Maumere dan Sejumlah Wilayah Flores Mengalami Kerusakan
Dampak gempa dirasakan cukup parah di sejumlah daerah di Flores, termasuk wilayah Nagekeo, Sikka, Ende, dan daerah lain di sekitarnya. Maumere menjadi salah satu wilayah yang mendapat perhatian besar dalam penanganan bencana karena terdapat bangunan yang mengalami kerusakan dan sejumlah korban yang membutuhkan pertolongan.
Laporan awal menyebutkan bahwa sedikitnya 157 rumah mengalami keruntuhan, sementara hampir 200 rumah lainnya mengalami kerusakan. Lebih dari 100 fasilitas umum, termasuk sekolah dan tempat ibadah, juga dilaporkan terdampak. Data tersebut masih dalam proses verifikasi karena petugas belum dapat menjangkau seluruh wilayah yang terkena dampak.

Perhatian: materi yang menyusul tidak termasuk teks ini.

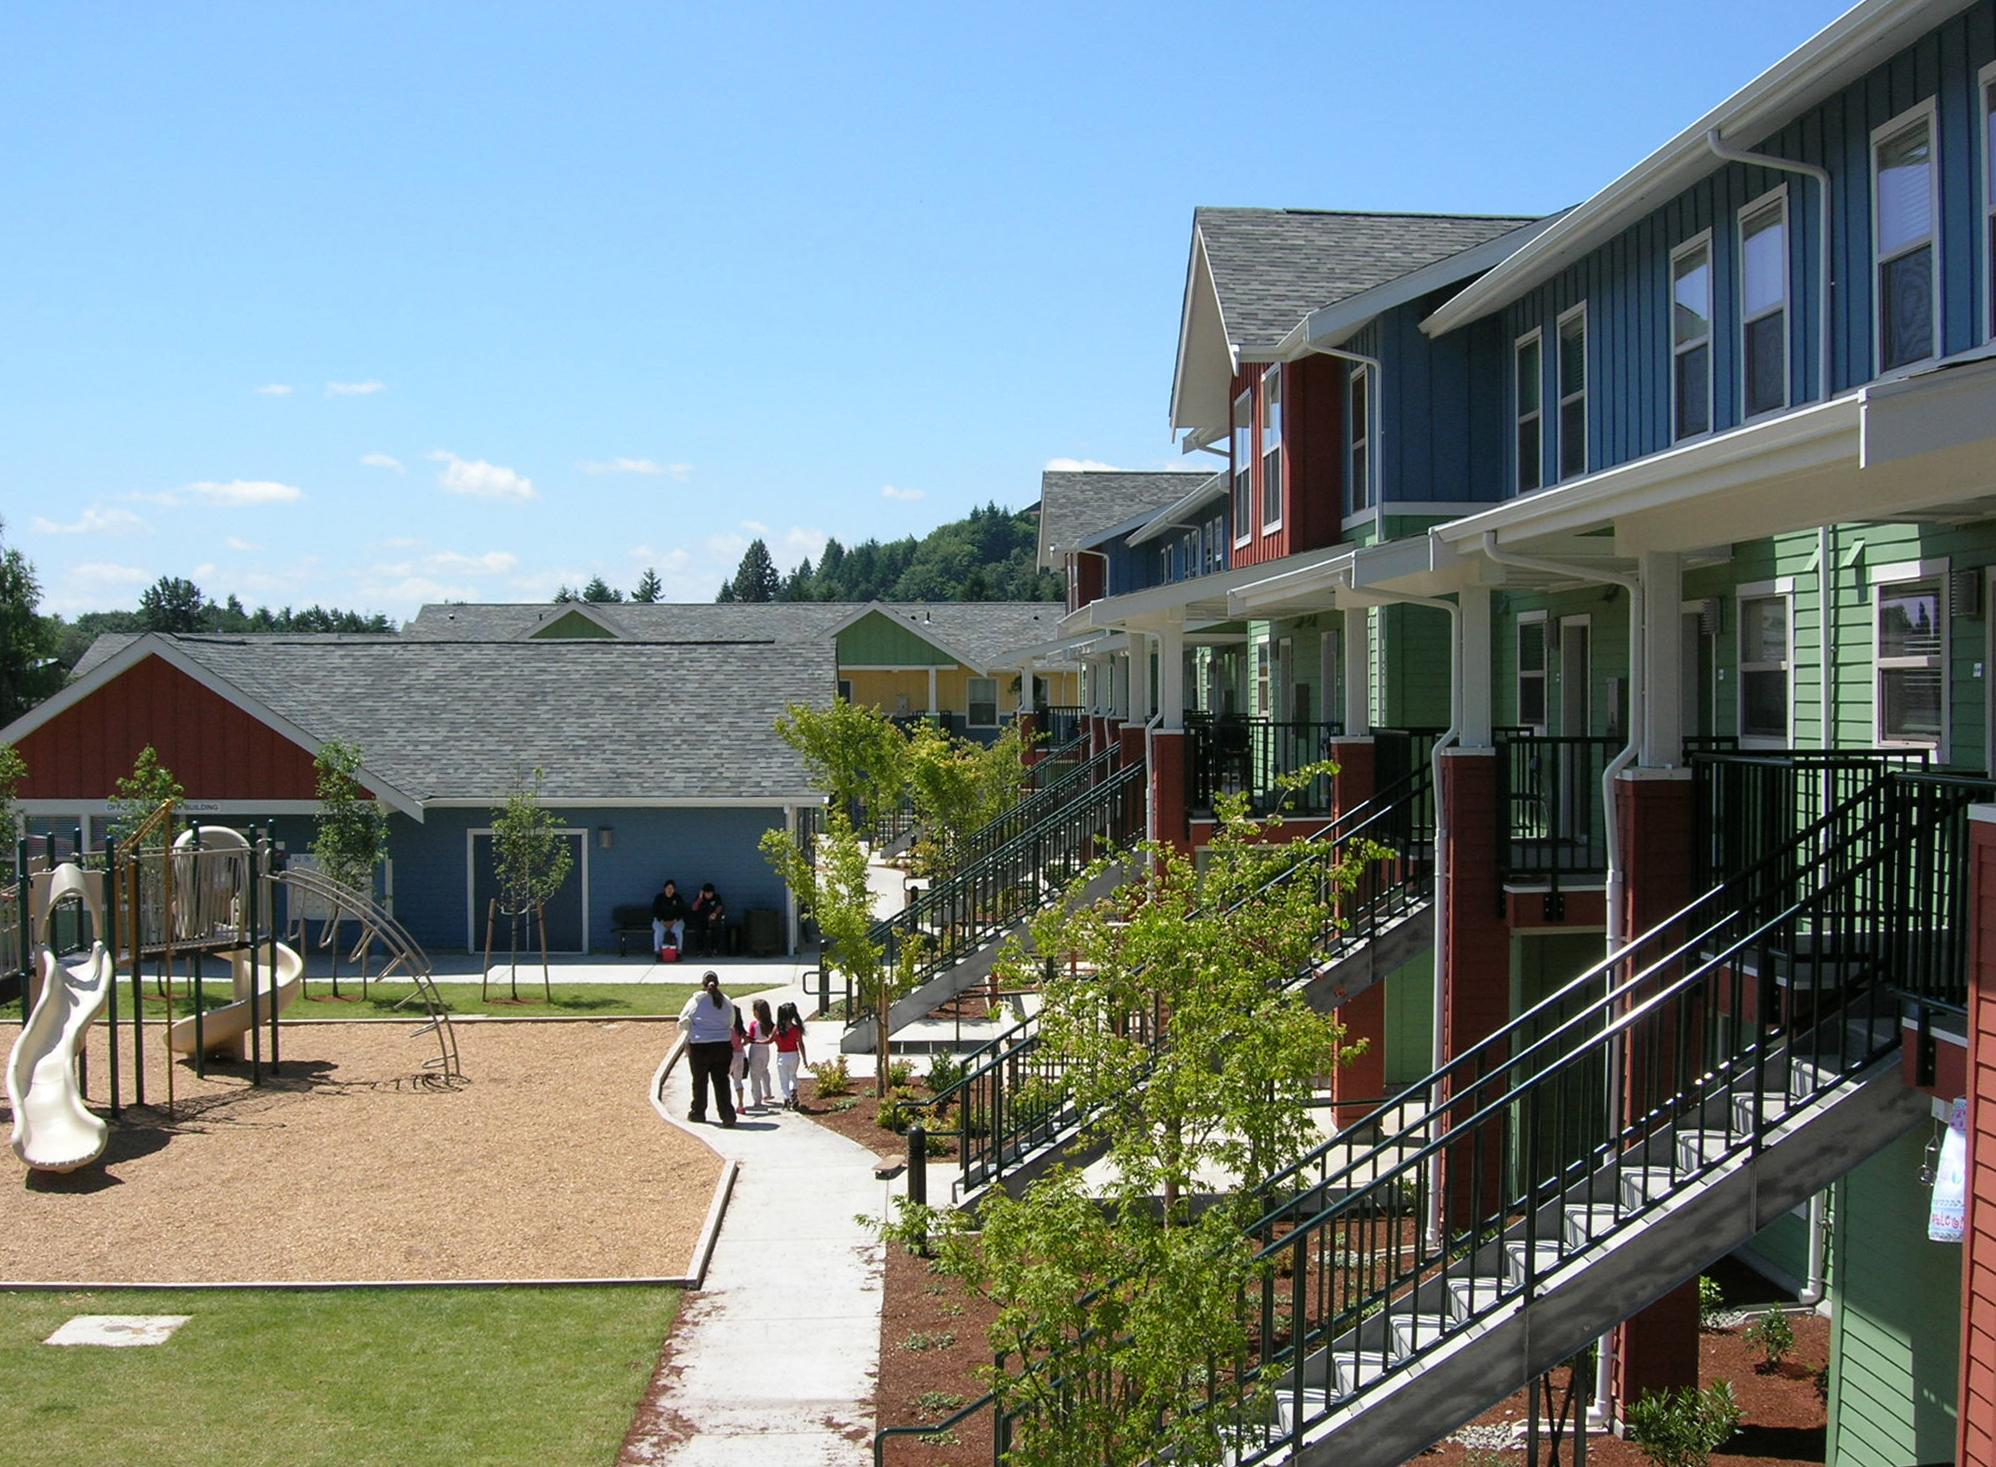 - Client: Catholic Housing Services of Western WashingtonLocation: Centralia, WashingtonCompletion: 2005Project Size: 46 Units, 48,290 SF

Kerusakan tidak hanya terjadi pada rumah penduduk. Sejumlah fasilitas pelayanan masyarakat, bangunan pemerintahan, fasilitas kesehatan, sekolah, serta infrastruktur pendukung lainnya turut mengalami kerusakan. Kondisi ini berpotensi memperlambat proses evakuasi dan penanganan korban, terutama di daerah yang akses jalannya terputus.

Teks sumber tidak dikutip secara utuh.